Project

General

Profile

Actions

Bug #50511

open

osd: rmdir .snap/snap triggers snaptrim and then crashes various OSDs

Added by Rainer Stumbaum almost 3 years ago. Updated almost 3 years ago.

Status:
Need More Info
Priority:
Normal
Assignee:
-
Target version:
-
% Done:

0%

Source:
Tags:
Backport:
Regression:
Severity:
3 - minor
Reviewed:
Affected Versions:
ceph-qa-suite:
Pull request ID:
Crash signature (v1):
Crash signature (v2):

Description

Hi,
we use http://manpages.ubuntu.com/manpages/artful/man1/cephfs-snap.1.html to create hourly, daily, weekly and monthly snapshots wihtin our cephFS filesystem.

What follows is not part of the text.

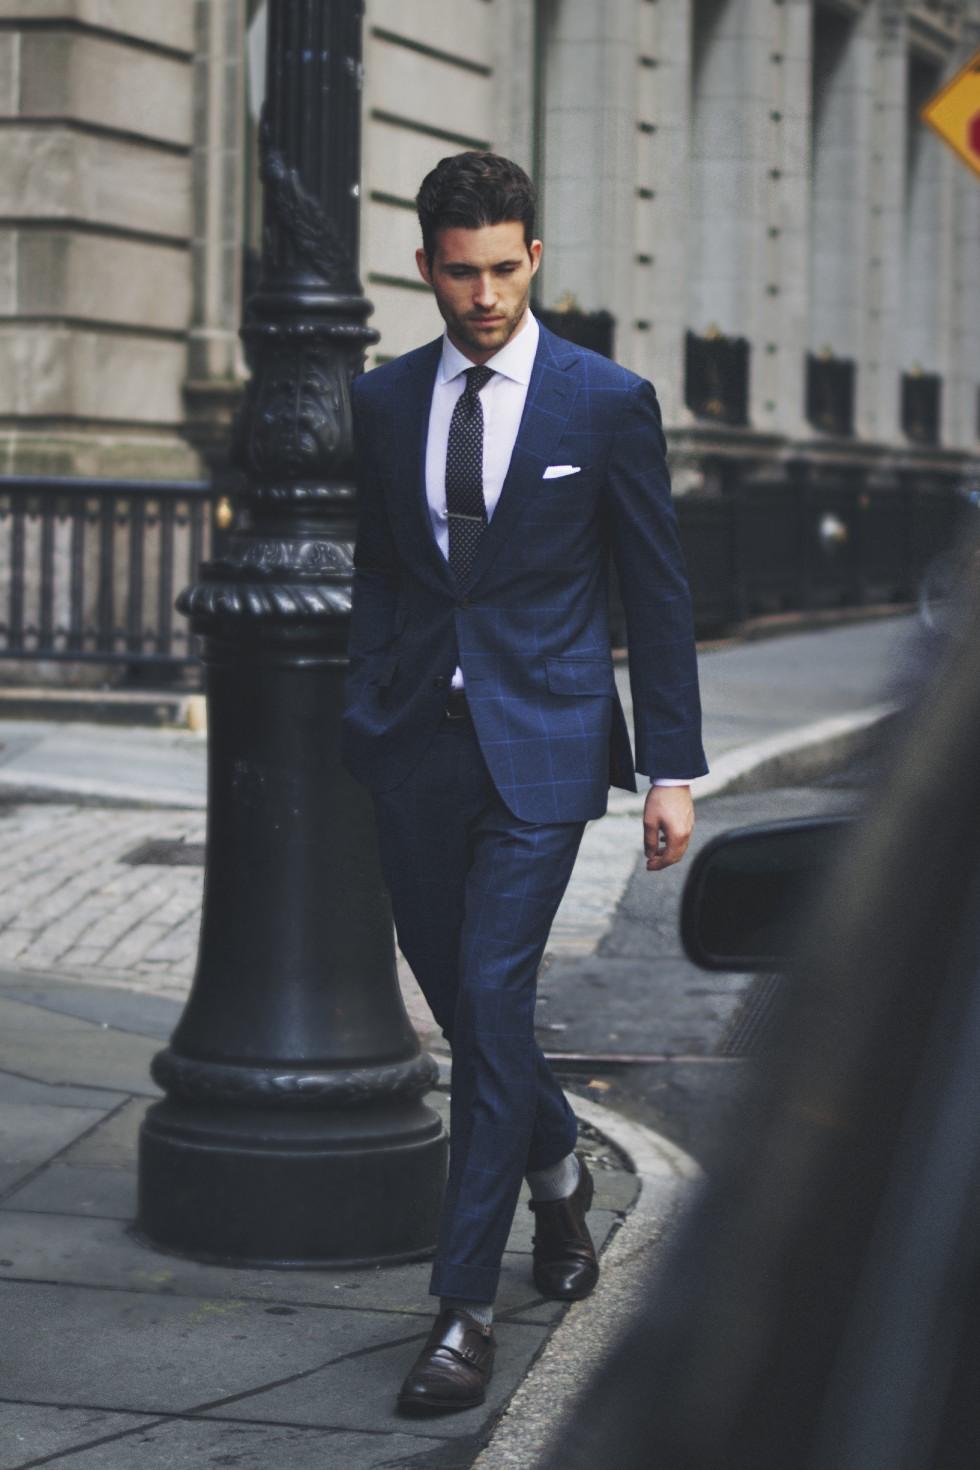 Classic Gentleman 8

Unfortunately the script did not run for two weeks - I fixed that - and then the mass deletion of older snapshots brought the 5 node Ceph cluster down.

I only could fix it by stopping the snap trimming by executing
ceph config set osd osd_pg_max_concurrent_snap_trims 0

Various OSDs went down with a crash.

And all the Proxmox KVM guests on top slowed down or crashed.

Please find attached the log file of a crashed OSD.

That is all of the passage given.